DATA SEGMENT: Begin
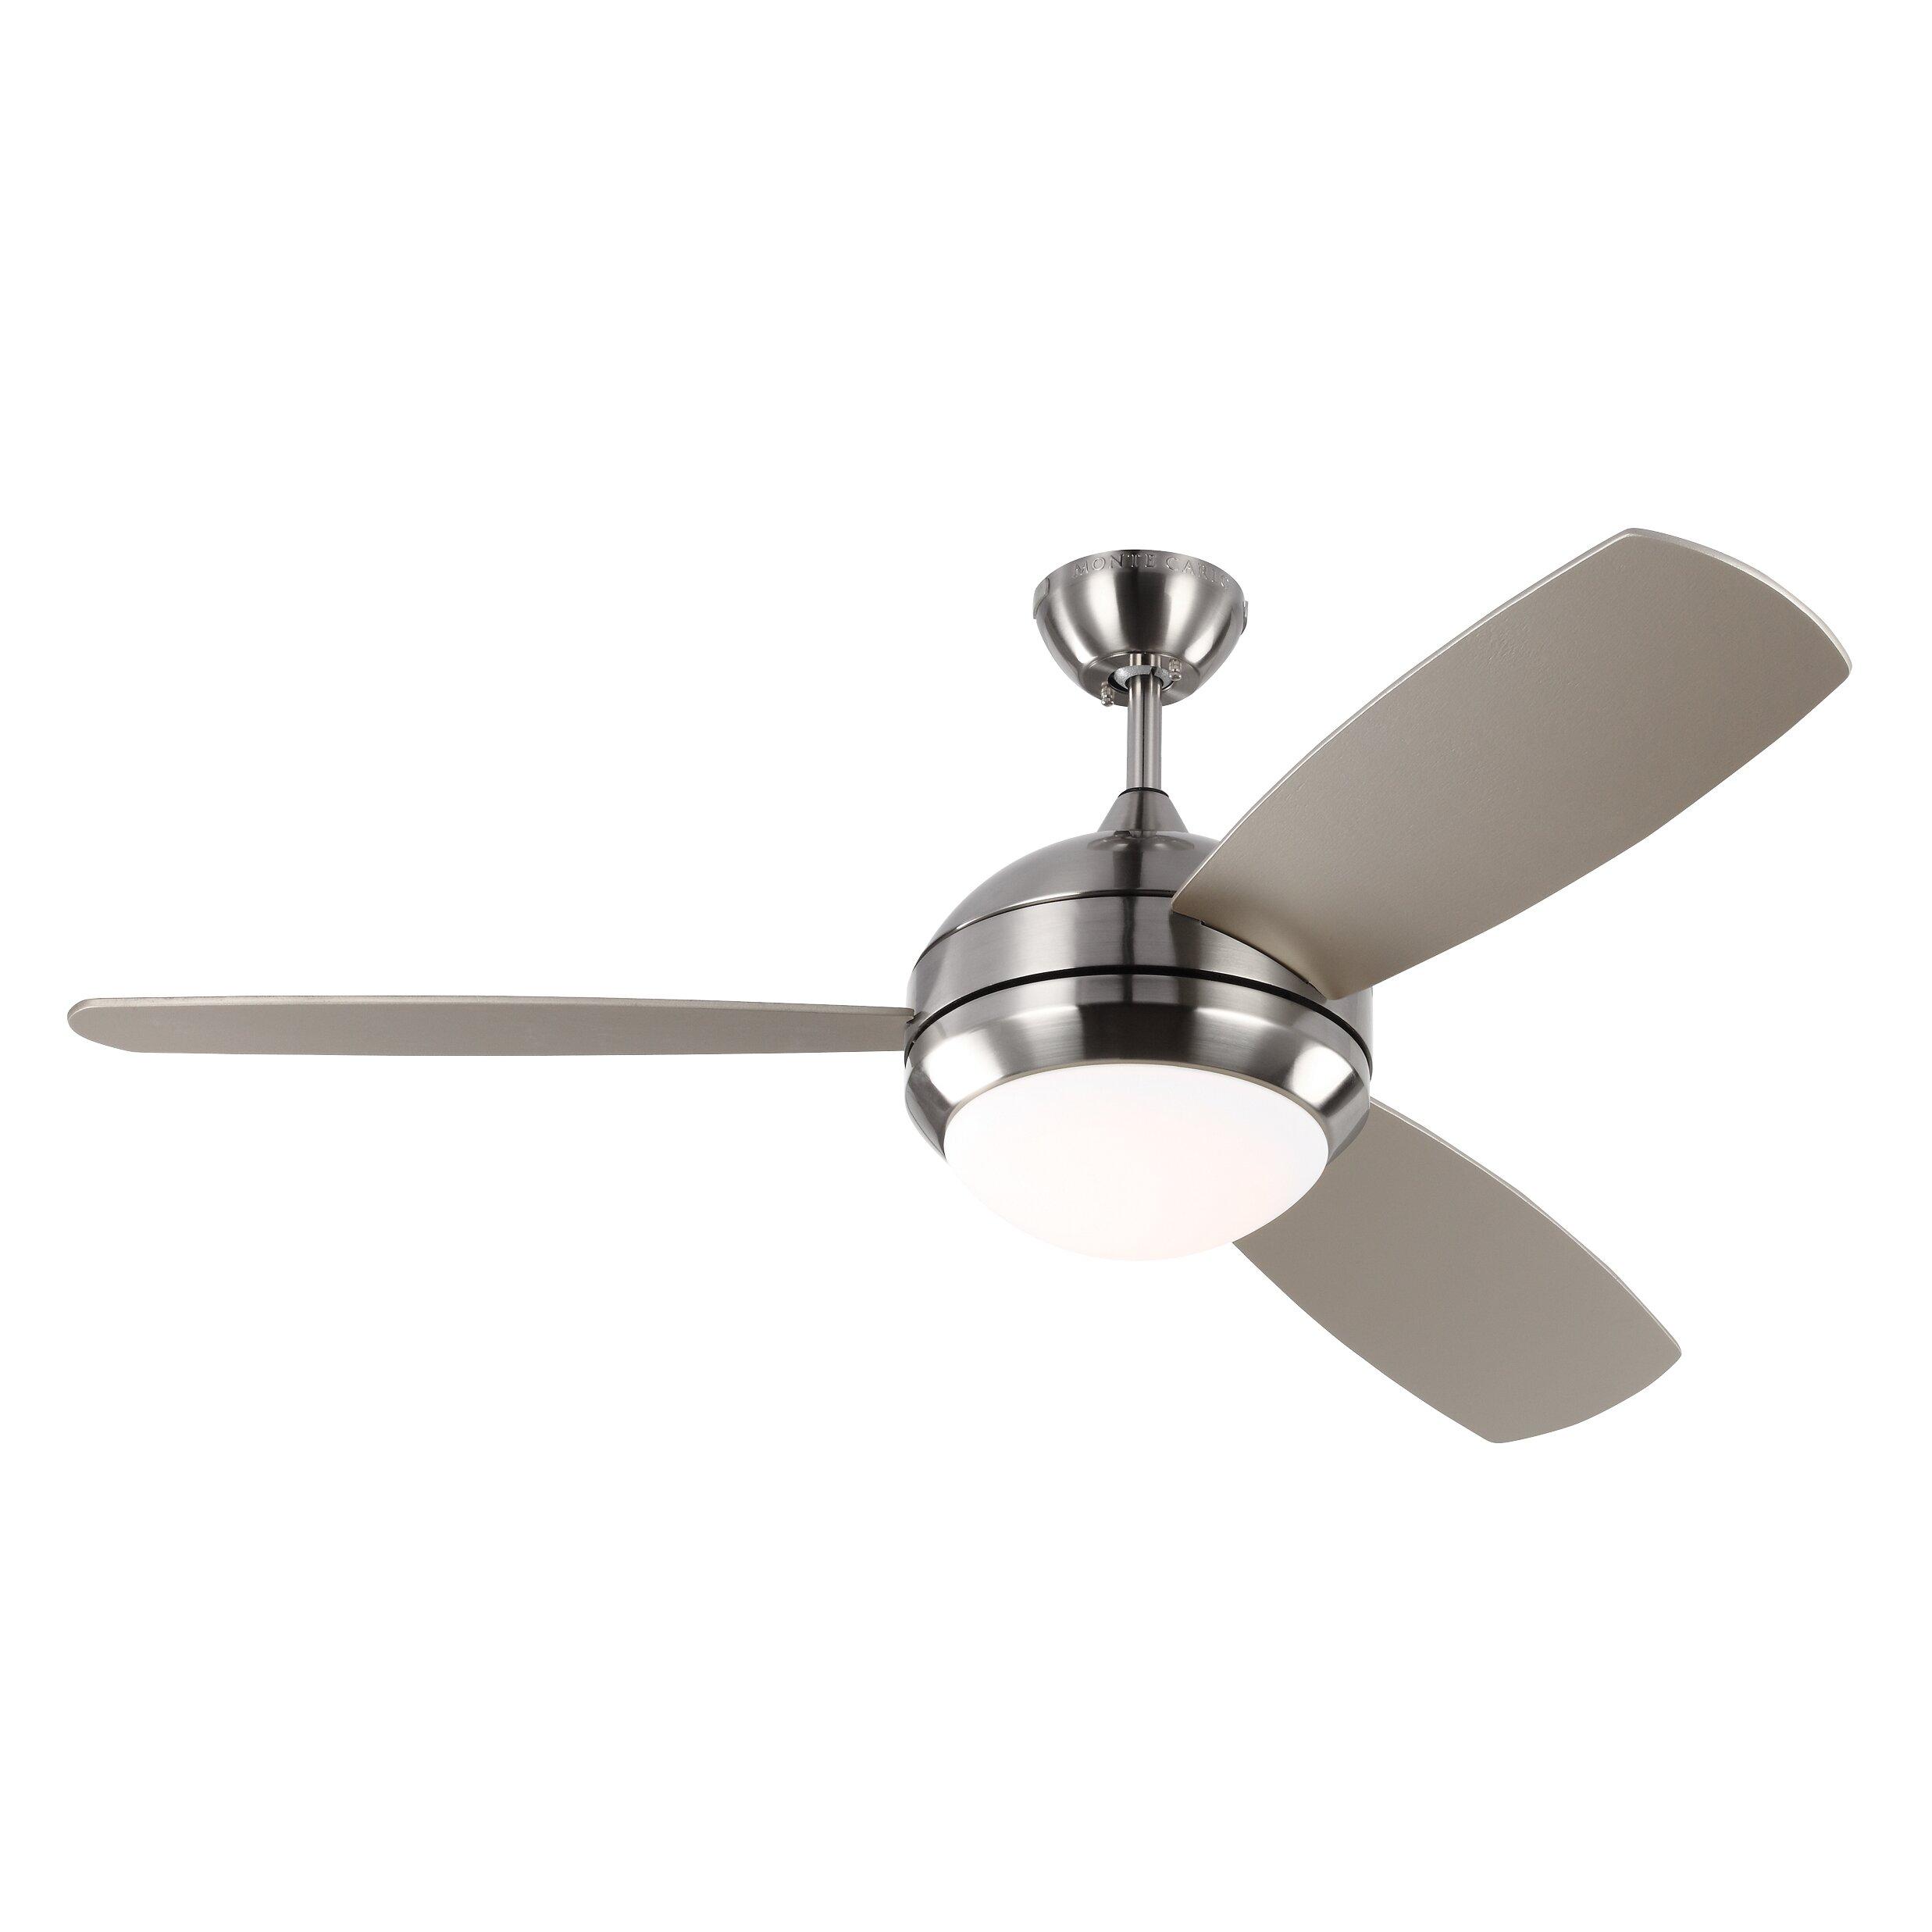 Brayden Studio 52 Quot Lamptrai 3 Blade Ceiling Fan With
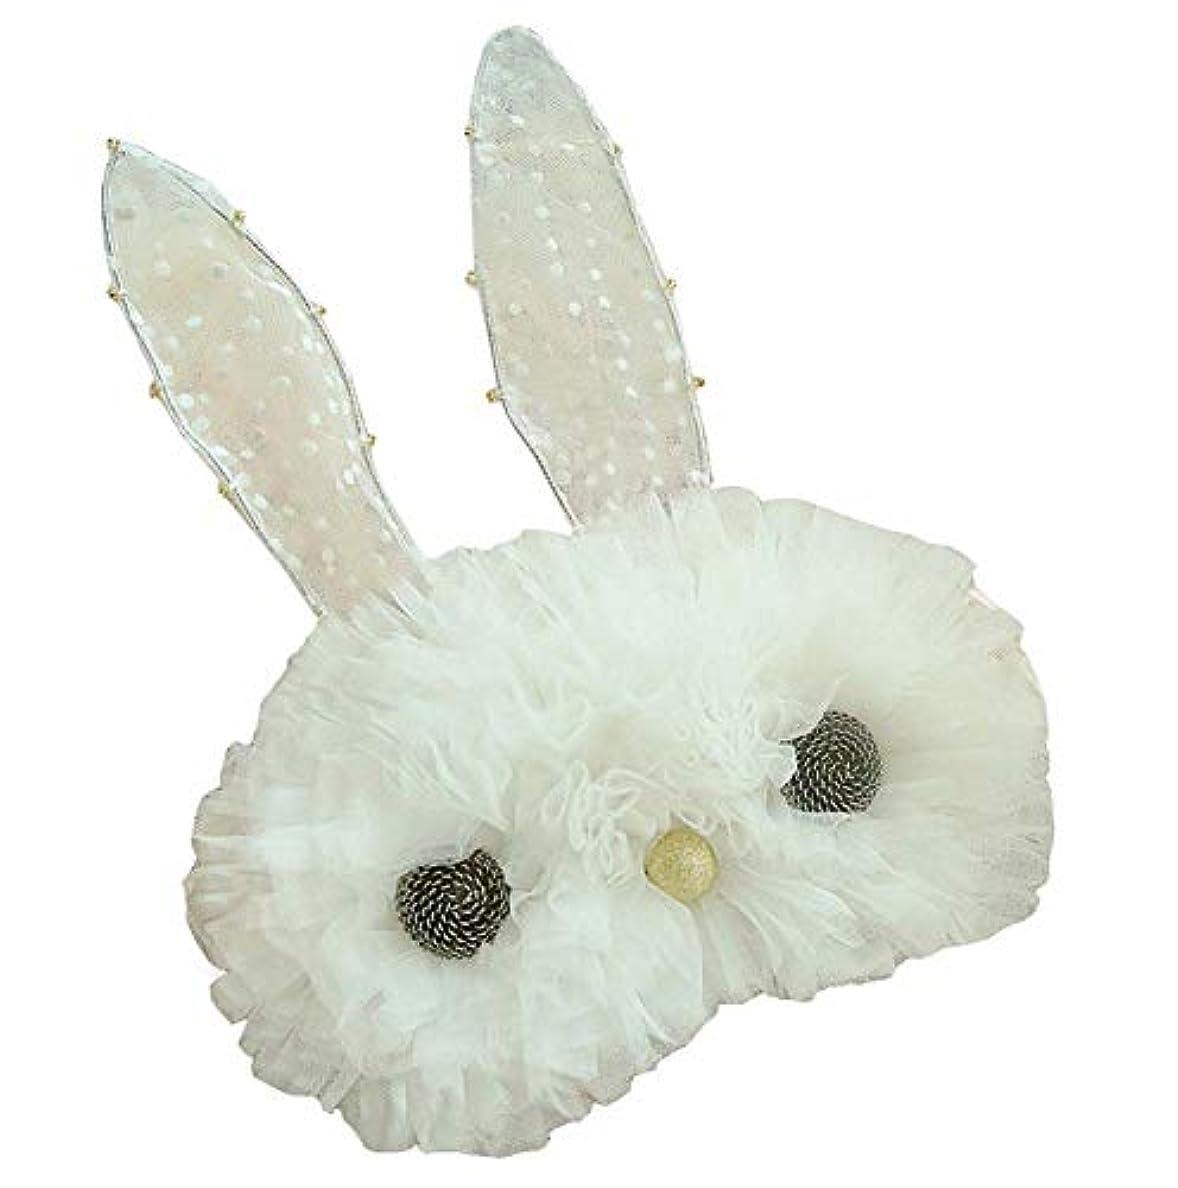 むしゃむしゃファックス変化する白くかわいいウサギの睡眠の目マスクの柔らかい目隠しの睡眠のマスクの家の睡眠旅行のための目カバー
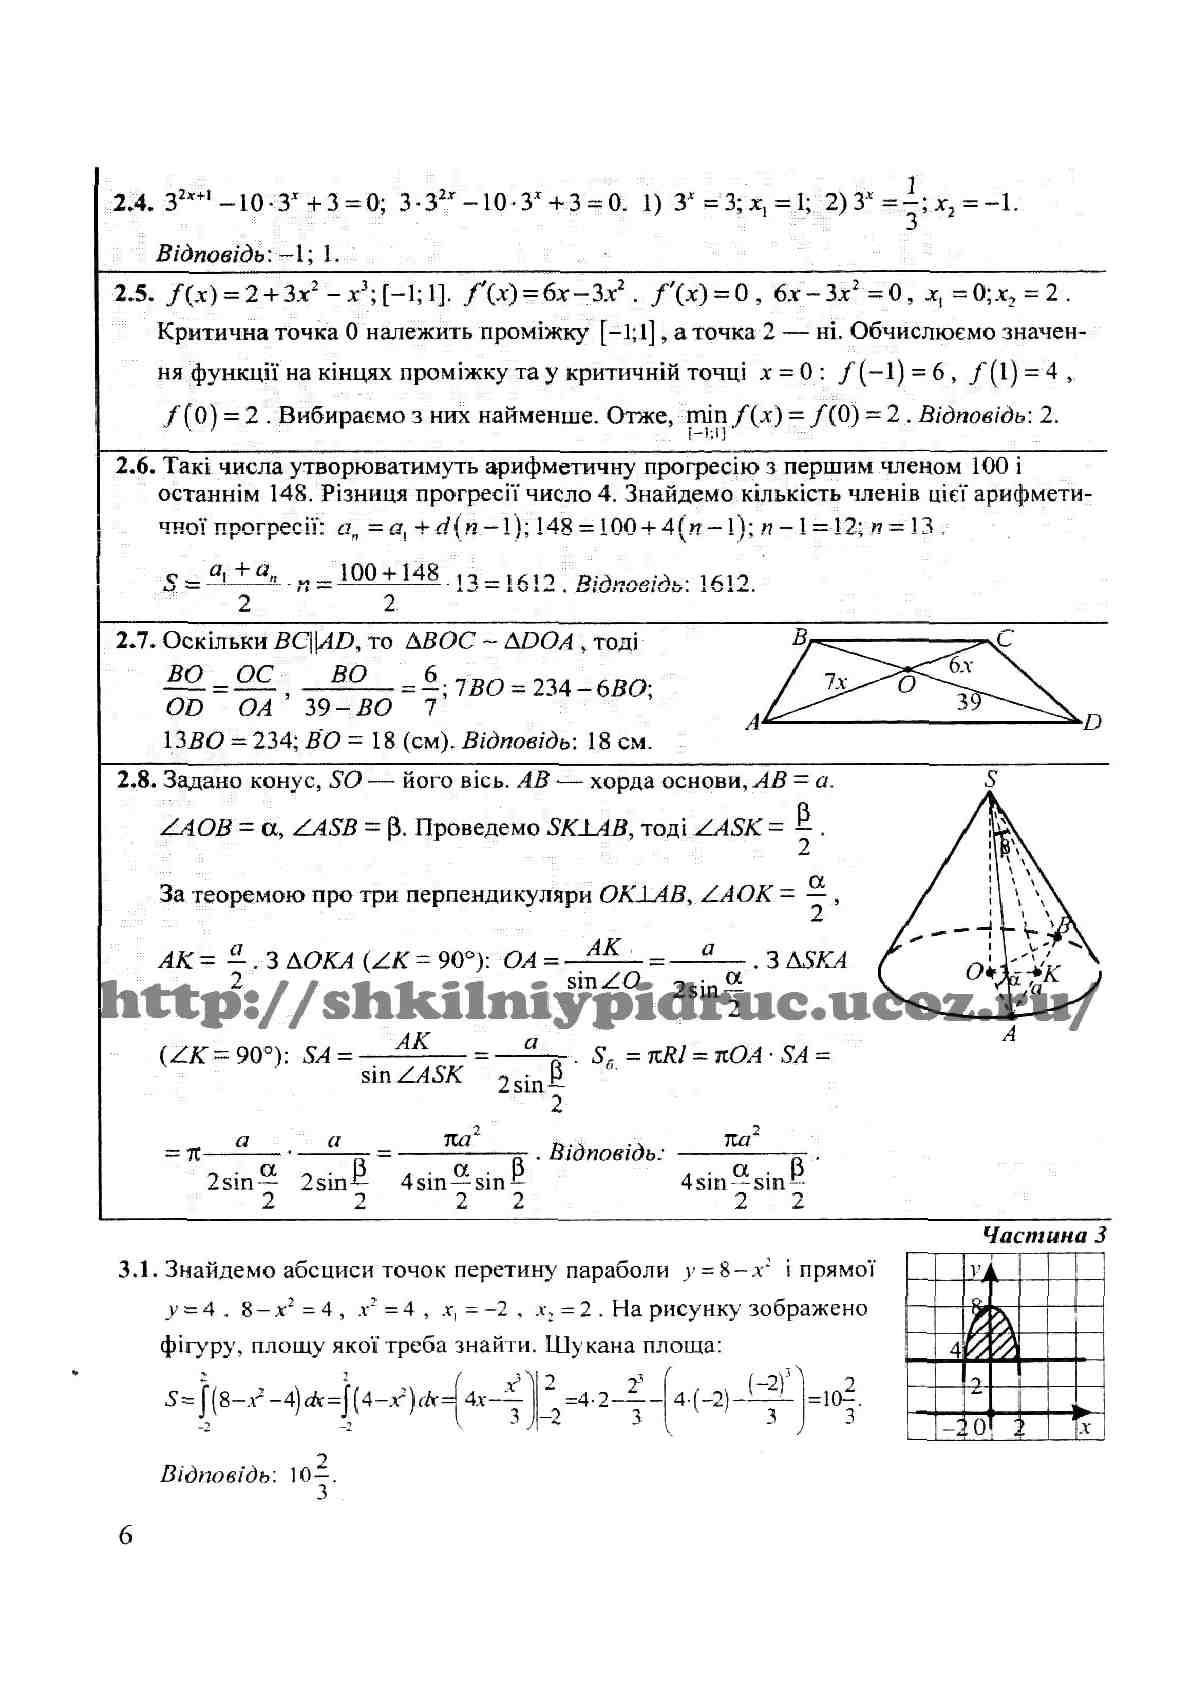 скачать решебник дпа 9 класс математика 2015
DATA SEGMENT: End
- **EXERCISE OBJECTIVE**
When you set down the material above, keep every word exact and include no pictures.

- **ANSWER TO THE EXERCISE**
 Brayden Studio 52 Quot Lamptrai 3 Blade Ceiling Fan With
 むしゃむしゃファックス変化する白くかわいいウサギの睡眠の目マスクの柔らかい目隠しの睡眠のマスクの家の睡眠旅行のための目カバー
 скачать решебник дпа 9 класс математика 2015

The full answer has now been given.